Come era possibile abbassarsi a tanta atrocità?

Come poteva essere possibile, uccidere un uomo e tagliare via i suoi attributi?

Non era umano. Non era normale.

E la parte che più mi spaventava era che anche io, avevo una buona fetta di colpe.

"Dobbiamo chiamare la polizia, Arya. Non riesco ad immaginare un'altra conclusione." Sentenziò, spaventata e tremante quanto me.

"Marcus finirebbe nei guai." Tentai di farla ragionare.

Purtroppo, questa opzione, non era da prendere neanche in considerazione.


Dopo qualche tempo, che a me parve infinito, decidemmo di comune accordo di seppellire la scatola incriminata in giardino. Esattamente come avevo proposto.

Cameron e gli altri si defilarono a lavoro, mentre io cominciai a rigirarmi i pollici.
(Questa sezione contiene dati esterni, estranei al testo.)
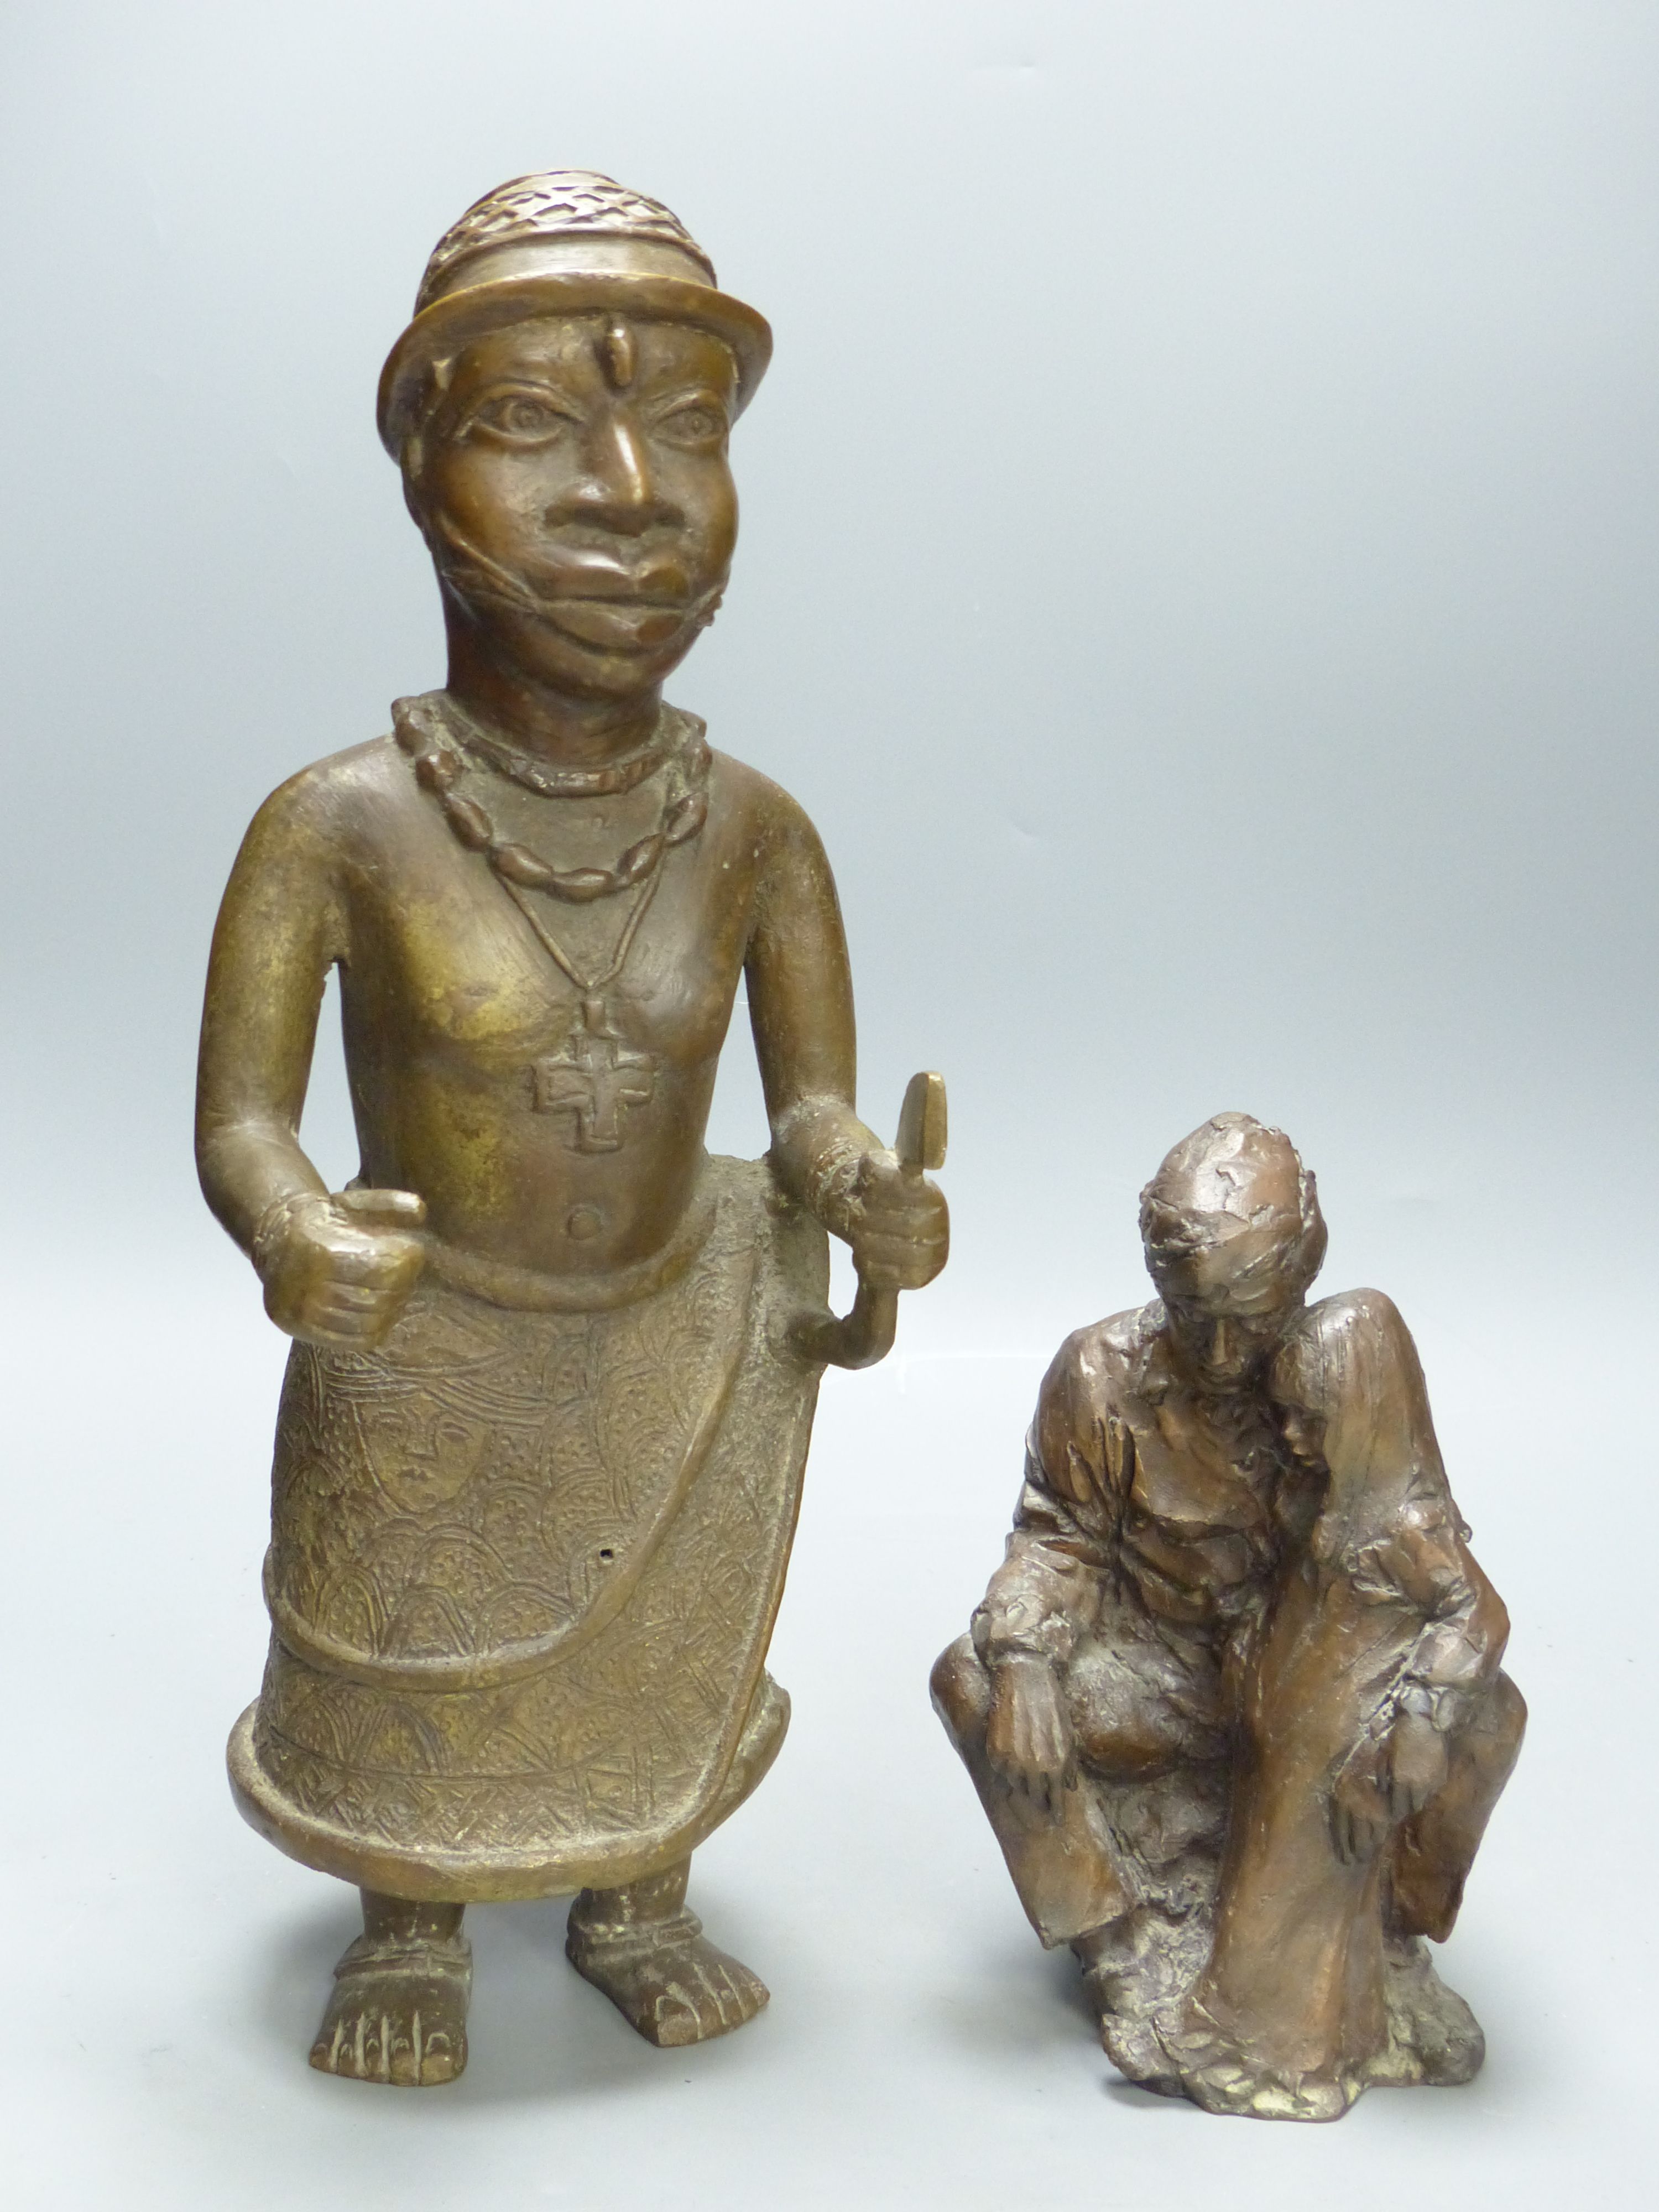 An African bronze figure and a modern bronze figure group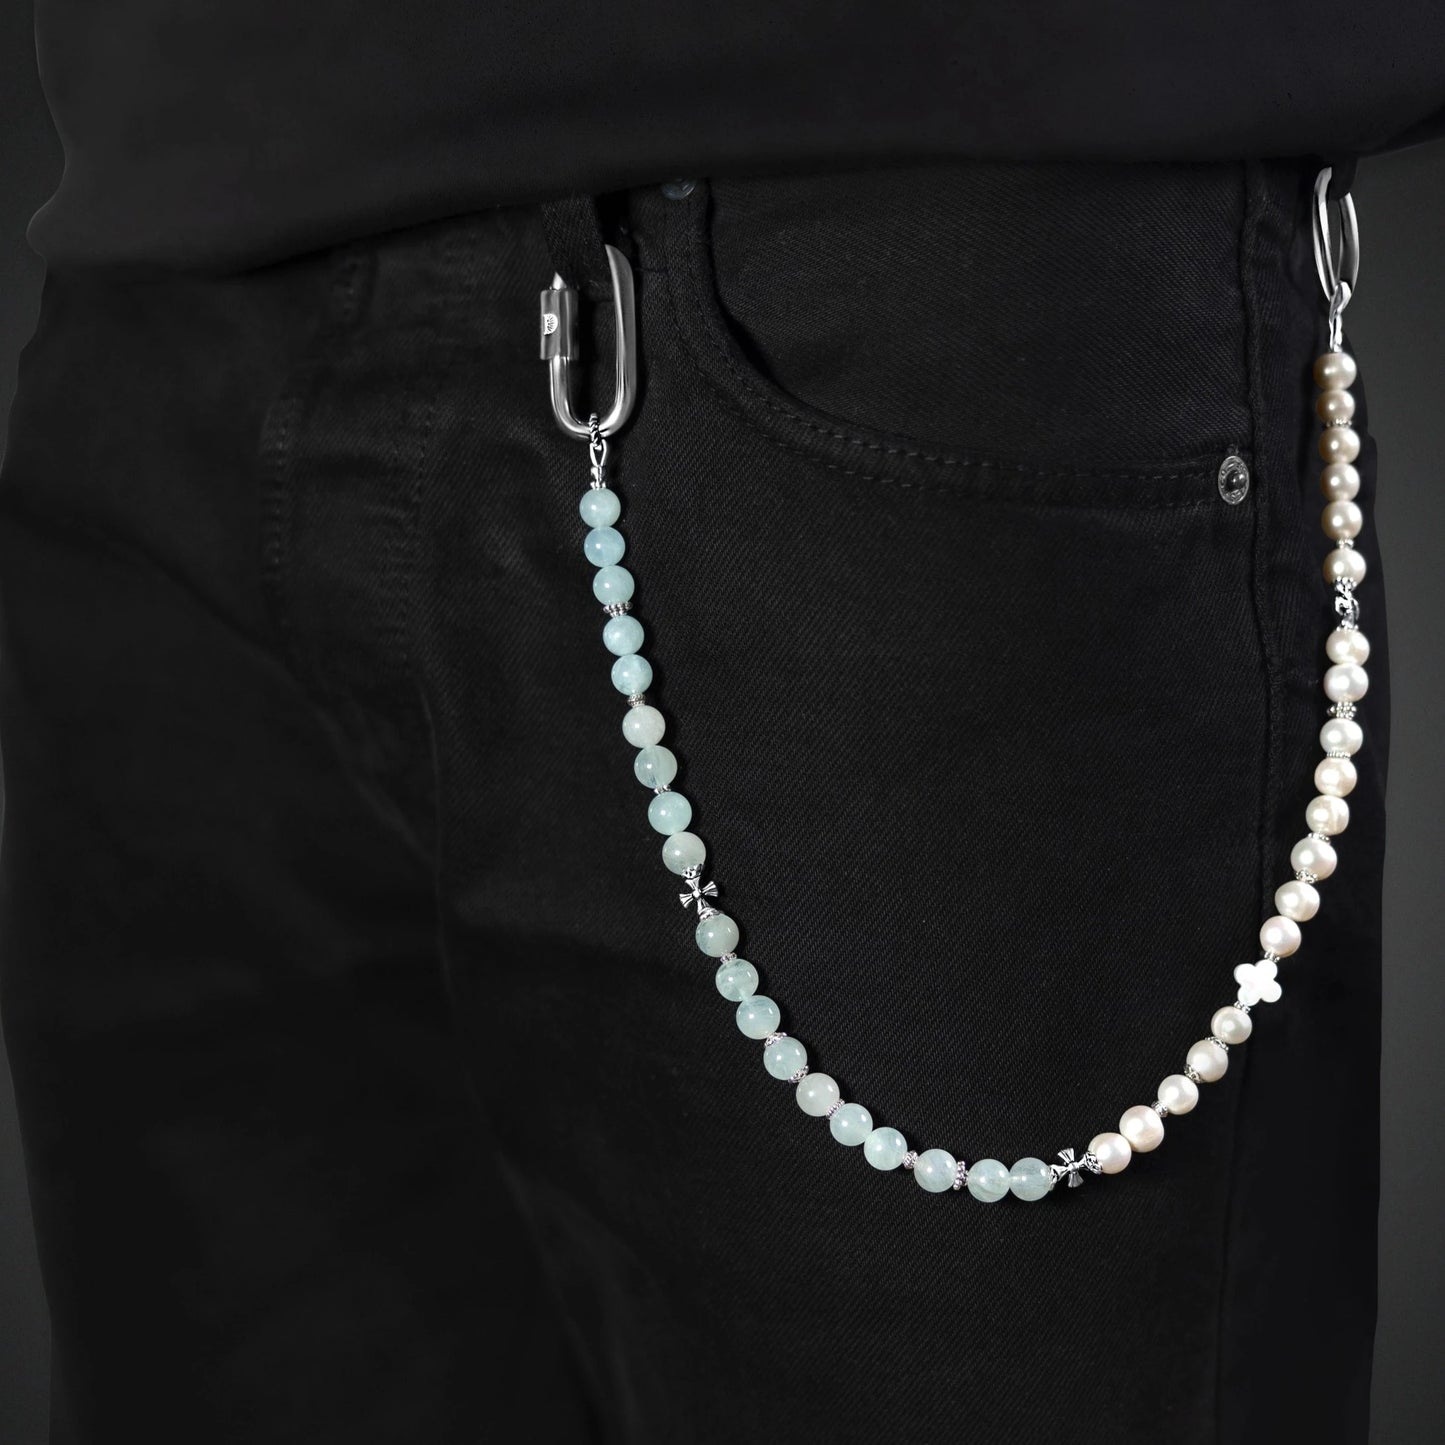 Chaîne de pantalon en perles pour homme et femme de luxe, perles naturelles de culture, perles d'eau douce, pierres fines et argent 925. Tendance et luxueux.

Fissavo il soffitto di camera mia, rimuginando su tutto quello che era successo nelle ultime ore.

Avevo anche io, le mani sporche. Sporche del sangue di un uomo innocente.

Come poteva, quel bastardo, levarmi anche la possibilità di scopare con qualcuno? Sì, perché, volente o nolente, secondo il suo modo di pensare, lasciarmi toccare da qualcuno, non era neanche da prendere in considerazione.

Lui aveva agito perché era ossessionato da me.

Ma non avrei mai immaginato che, la sua, fosse una mania così spropositata, dal voler addirittura, uccidere senza ripensamenti.


"Ieri te l'ho fatta buona, Davies. Lo sai benissimo che non tollero i ritardi." Taylor mi guardava adirato, e in un altro momento, mi avrebbe anche incusso timore.

"Scusami, Tay. Sono stati giorni un po'..." Traumatizzanti. "Particolari."

Lui scosse il capo, "Mi stai solo facendo perdere tempo. Vatti a cambiare." Mi ordinò perentorio, sparendo dalla mia vista.

Sgusciavo tra i tavoli, prendendo ordinazioni, servendo e lanciando, di tanto in tanto, occhiate curiose alle ballerine.

"Due Macallan. Per me e il mio collega" Un uomo in giacca e cravatta mi squadrò da capo a piedi.

Doveva essere un uomo sulla cinquantina, a giudicare dai suoi capelli brizzolati.

Non aveva un accenno di barba e, per assurdo, ciò lo invecchiava maggiormente. 

Sollevò una mano, palpeggiandomi il sedere, voltandosi verso l'amico e indicandomi con lo sguardo compiaciuto.

Di tutta risposta, ingoiai un groppo di saliva immaginario, rabbrividendo di disgusto.

Sarei dovuta essere abituata a questi modi di fare, ma ogni volta che accadeva, non potevo fare a meno di provare ribrezzo.

Mariah, la responsabile dell'angolo bar, mi richiamò a sé. "Porta questo al 50."